4. Change up study locations

Changing study locations helps with retention and keep you from being desensitized to a single place. In short, it keeps your brain from being bored, which keeps your brain from being distracted. Perhaps switch up coffee shops or alternate between studying at your home, a local library, and your office. Either way, changing up your study location will help you retain enough mental energy to stave off distractions.

5. Don’t just study one thing at once

This is somewhat related to the changing locations idea. By bouncing around from idea to idea, your brain gains an engaging sense of novelty while it still keeps you in the state of deep focus. You retain information better while still hitting all the things you need to hit.

Thus, if you imagine studying as eating food from a plate, load up on little bits of diverse information and avoid piling on only one type of food. The brain is attuned to diversity and your study habits should reflect that.

6. Invest in noise-cancelling headphones

If you live in a noisy place or prefer to study in coffee shops, noise-cancelling headphones will allow you to tune out the cacophony of audible distractions and let you focus on your study material. And if your headphones are also able to play music, make a nice playlist with no lyrics to boost your memory.

7. Use the Pomodoro Method

The Pomodoro Method primes you for entering a state of deep focus. In the original version, a student took a small timer shaped like a tomato and set it for twenty-five minutes. During that time, the student could not do anything besides focus on the material at hand.

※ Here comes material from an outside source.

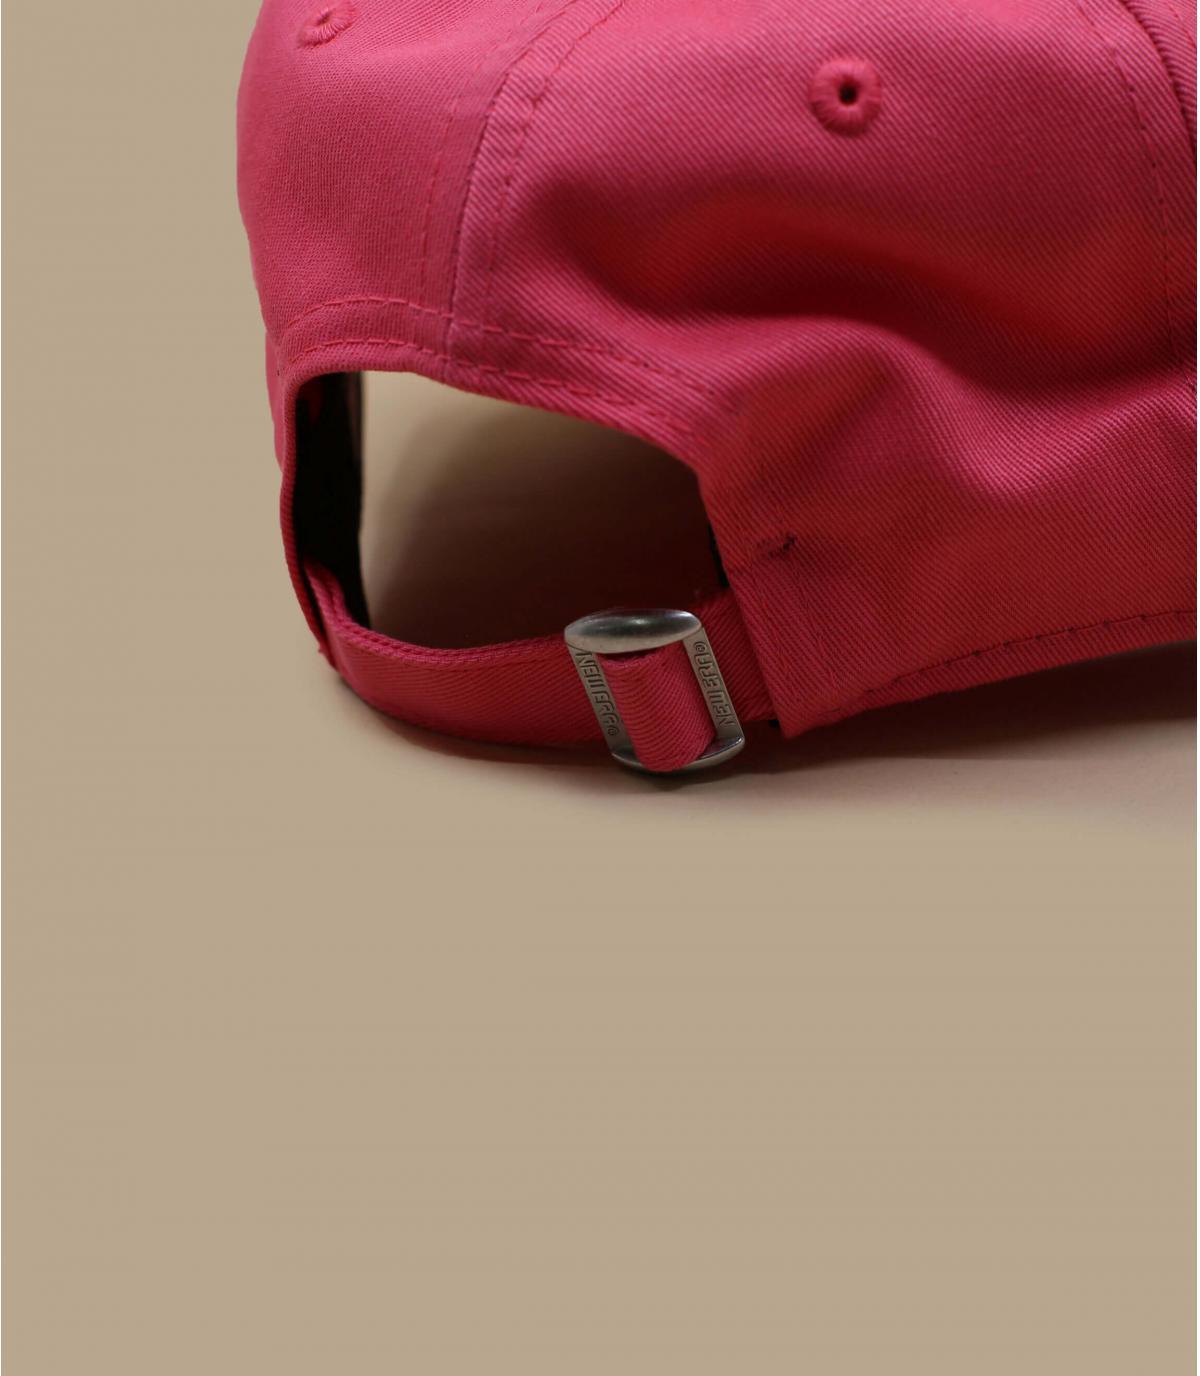 Details Wmn Camo Infill NY 940 pink - Abbildung 4

No social media or emails, just intense focus. Once the time was done, they could take a quick five-minute break to stretch, use the bathroom or, walk around and then come back for another twenty-five minutes, and so on.

The system is very effective at sustainably using mental resources since you’re not fatiguing yourself by studying for too long. The breaks also give you a little reset and pause which can even be a reward to look forward to and give you a little boost in motivation. Overall, top university students use the Pomodoro Method to get straight A’s and you can use the same method and see the same results too.

There you have it, the seven best tips that get to the root of why you get distracted. Don’t just try to treat the symptoms. Know yourself and how you best operate when it comes to studying and retaining information and you will soon pass the patent bar exam and move forward with your new career.